The Knights of Lazarus, the de Clermont family’s supposedly secret military-slash-charitable organization, seemed to have their fingers in every political pie, even though creature meddling in human politics and religion was strictly forbidden by the Congregation.
“That would be fantastic. If it’s here, you’ll find it much quicker than I would.” I studied my computer screen for a moment before shutting the lid. “The fall of Ft. William Henry sounds horrifying. Obadiah must have suffered for years because of what he witnessed.”
 
; “War is always terrible, but what happened to the British army when they left the fort was tragic,” Matthew said. “A lack of understanding, followed by miscommunication and frustration, led to unspeakable violence.”
The account I’d read had made it clear that the Native Americans who attacked the British army and their followers had expected to take the spoils of war—guns and weapons—back home with them as symbols of their valor. But their French allies were obeying different rules and allowed the British to keep their muskets so long as they surrendered the ammunition. Deprived of the guns, the Native Americans took other prizes instead: captives and lives.
“And Obadiah saw it all.” I shook my head. “No wonder he drank.”

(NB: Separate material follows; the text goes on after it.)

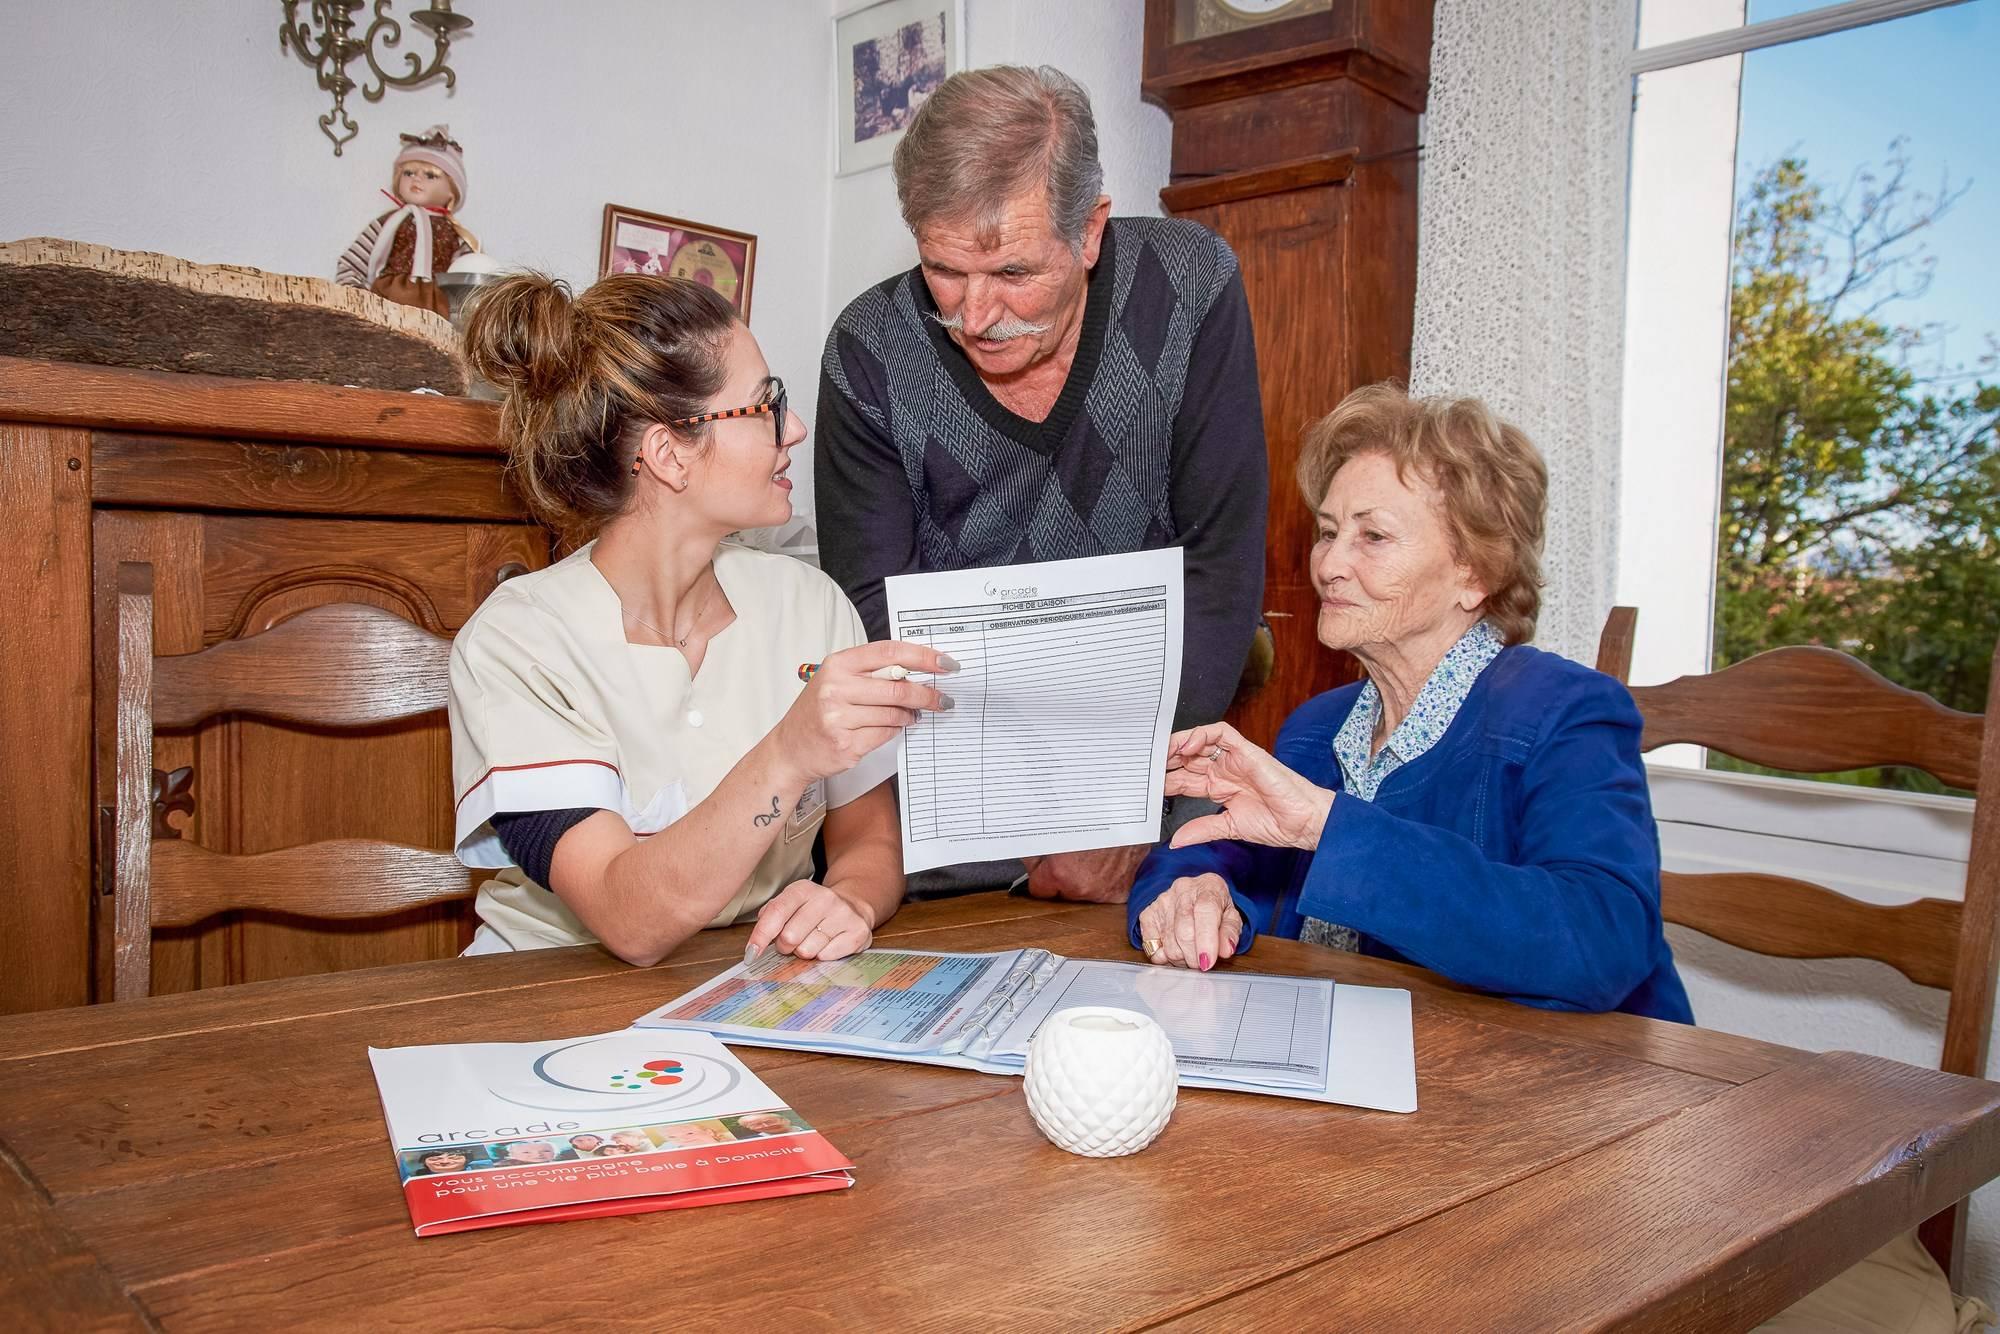 Les services d'aide à domicile en mode mandataire

“Battles don’t always end just because someone negotiates a truce,” Matthew said. “For some soldiers, the fight goes on for the rest of their lives, shaping everything that happens afterward.”
“Was Obadiah one of those soldiers?” I thought of the bootjack, and the wary look in Marcus’s eye when he spoke of his father—even though he was a grown man now and not a little boy, even though he was talking about events that had happened centuries ago.
“I think so,” Matthew said.
No wonder Marcus’s memories were so snarled and angry. It wasn’t the red door and the lilacs that were causing him pain, but his forbidding father.
“As for the bigger historical picture,” Matthew continued, taking my hand, “I think you’re going to have to do a lot more digging before you discover what that is—never mind its significance.”
“When we timewalked, I was surprised by what life was really like,” I said, thinking back to the time we’d shared in the sixteenth century. “But it was still possible for me to fit what I discovered into what I already knew. I suppose I thought I could do the same with Marcus’s story.”
“But remembering the past is not the same as timewalking through it,” Matthew observed.